The binder is a component that is located between the active material and the conductive material in the electrode layer to connect and fix them while promoting bonding between the electrode layer and the electrode current collector, polyvinylidene fluoride-hexafluoropropylene copolymer (PVDF-co-HEP) , polyvinylidenefluoride, polyacrylonitrile, polymethylmethacrylate, polyvinyl alcohol, carboxymethylcellulose (CMC), starch, hydroxypropylcellulose, regenerated cellulose, polyvinyl Various types of binder polymers such as pyrrolidone, tetrafluoroethylene, polyethylene, polypropylene, polyacrylic acid, styrene butyrene rubber (SBR), and fluorine-containing rubber may be used. The binder may be added in an amount of 0.1 to 10% by weight based on the total weight of the electrode slurry. N-methylpyrrolidone, acetone, water, etc. may be used as the solvent.

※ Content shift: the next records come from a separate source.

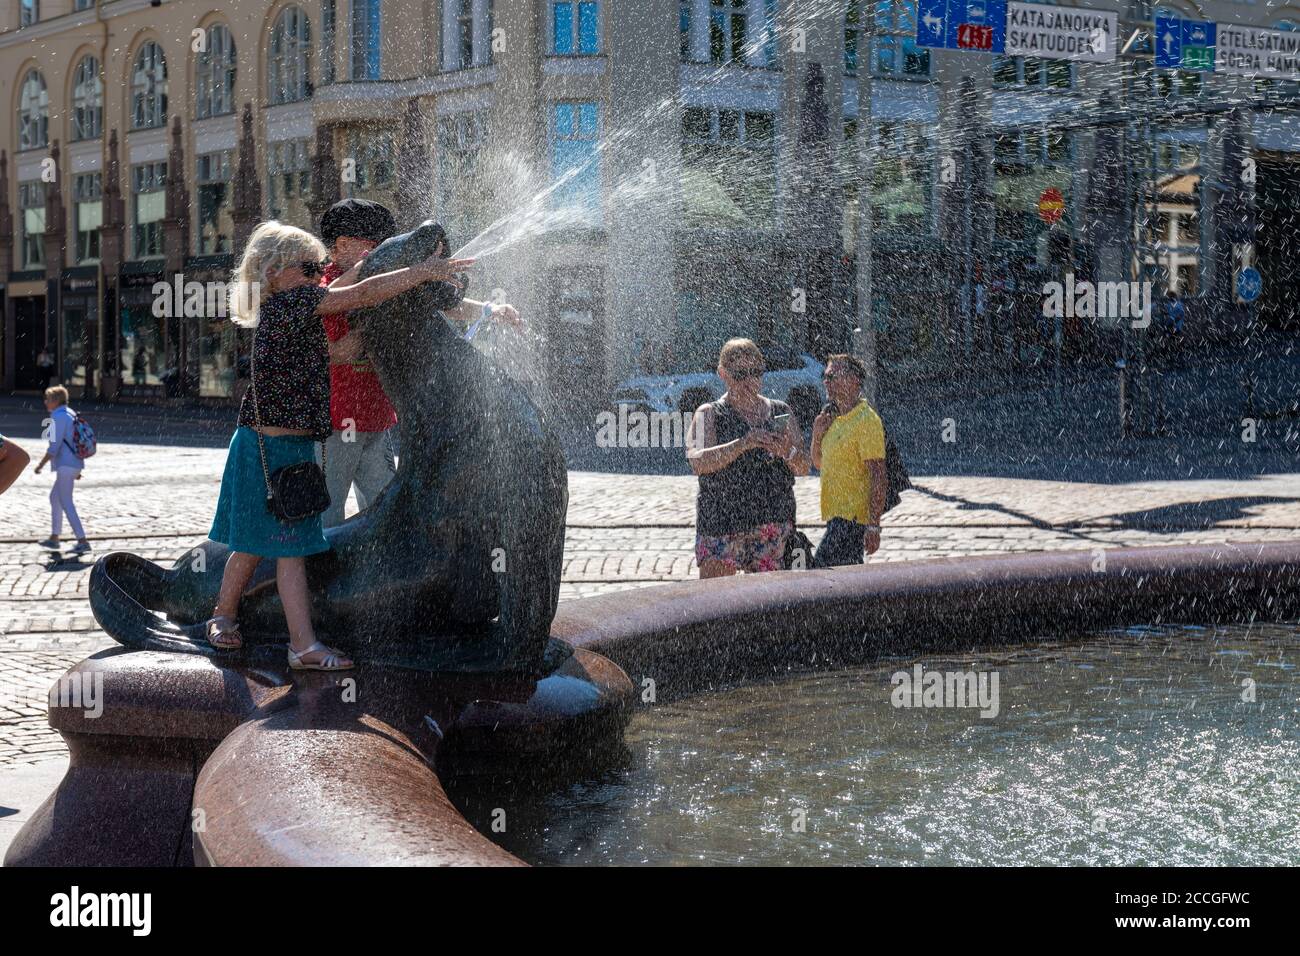 Jeune fille jouant avec le lion de mer de piquant d'eau, faisant partie de la sculpture de Havis Amanda ou statue de ville Vallgren, à Helsinki, en Finlande Banque D'Images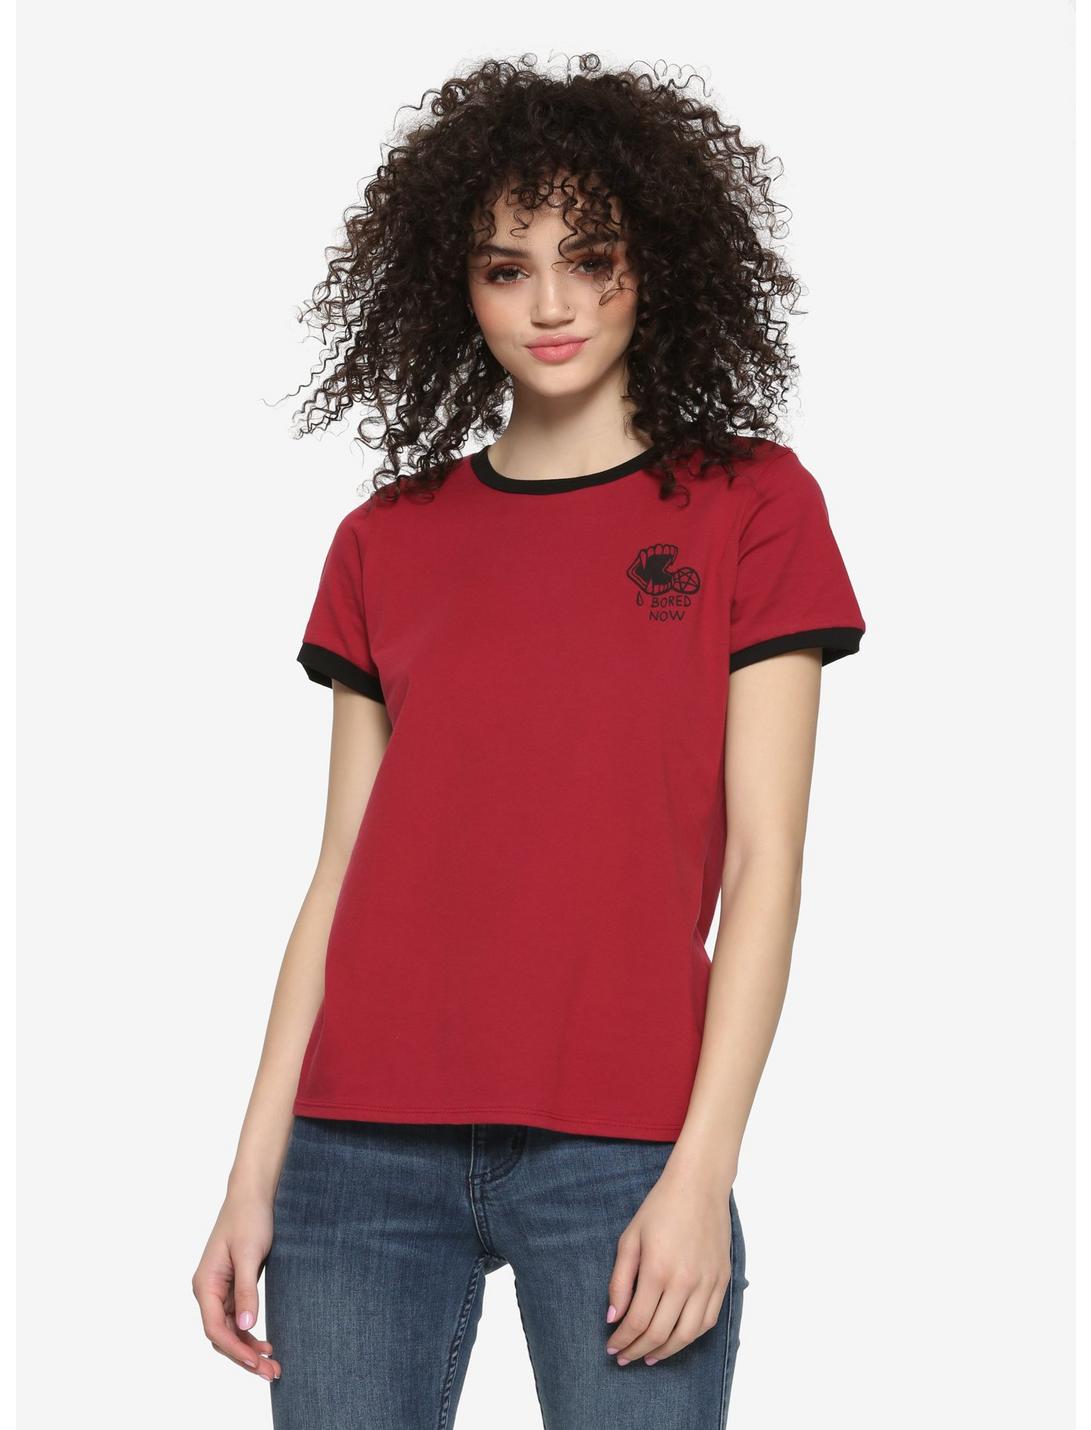 Buffy The Vampire Slayer Vamp Willow Girls Ringer T-Shirt, BLACK, hi-res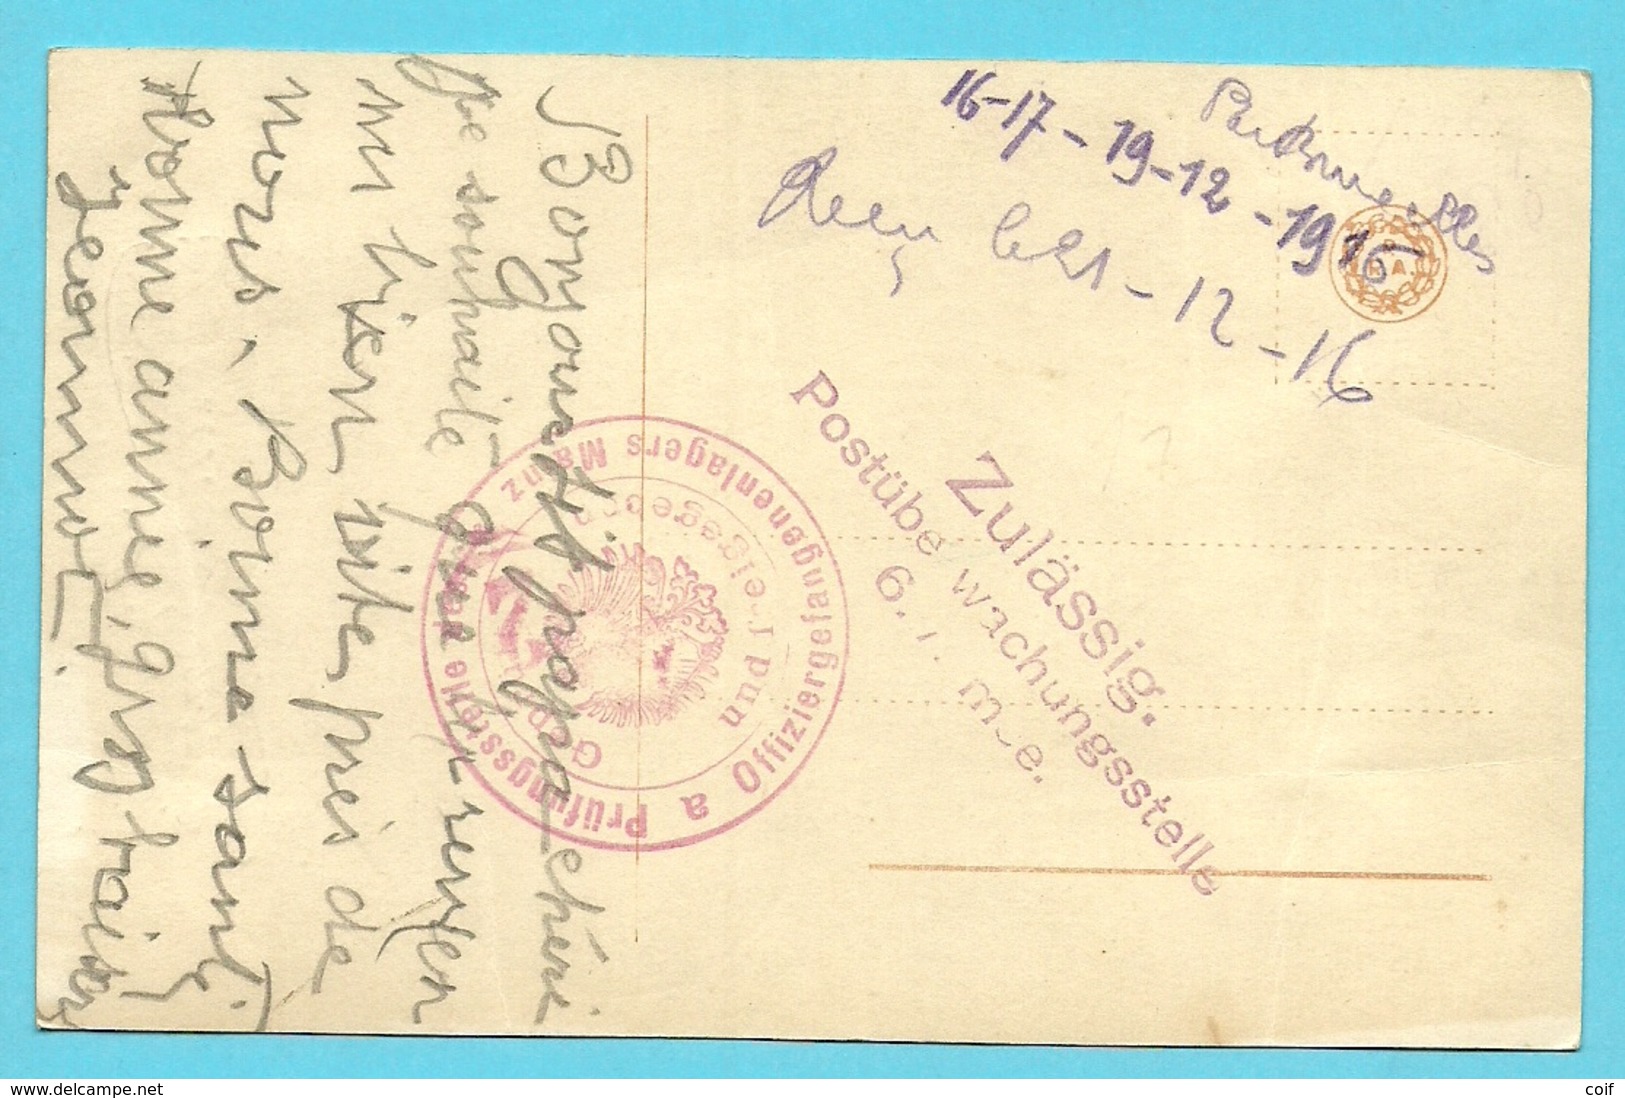 Kaart Met Stempel Van Offiziergefangenenlager MAINZ + Zulassig / Postuberwachungsstelle / 6.Armee - Krijgsgevangenen

The content of the active material, binder, conductive material and solvent included in the electrode slurry may be selected within a range commonly used in the manufacture of electrodes for lithium secondary batteries, for example, a liquid electrode slurry having a solid content of 10 to 80% by weight or less can be obtained.

In addition, the electrode slurry may further include other additives such as a thickener and a filler, and the content of these other additives may be appropriately selected within a range that does not impair the performance of the electrode.

On the other hand, in the case of manufacturing a general electrode, a liquid slurry is applied uniformly on a current collector for an electrode, and then the solvent is dried and pressed.

In contrast, the electrode manufacturing method of the present invention is characterized in that the dehydration process performed in the paper manufacturing process is applied to the production of the electrode for a lithium secondary battery prior to applying the electrode slurry to the current collector for the electrode.

In the case of general paper production, raw materials are uniformly applied on a paper machine in the form of a wire mesh, dehydrated to obtain paper in the form of a sheet, and then dried by passing it through a high temperature. The paper raw material applied to the papermaking machine can be continuously transferred to the roll press and dryer while 95% or more of the water is removed through dehydration in a state where most of the paper raw material is water.

In order to apply this dehydration process to the production of secondary battery electrodes, a separate member corresponding to the paper machine is required, and through such a member, dehydration must be performed while preventing the release of solids from the electrode slurry having a higher solids content than paper.

Therefore, in the present invention, a porous substrate is used as a member for performing the dehydration process of the electrode slurry, and after applying the liquid electrode slurry thereon, a dehydration process is performed on the opposite side of the porous substrate to remove the solvent in the electrode slurry do. At this time, the coating thickness of the liquid electrode slurry applied to the current collector may be 200 to 500 μm, for example, 300 μm.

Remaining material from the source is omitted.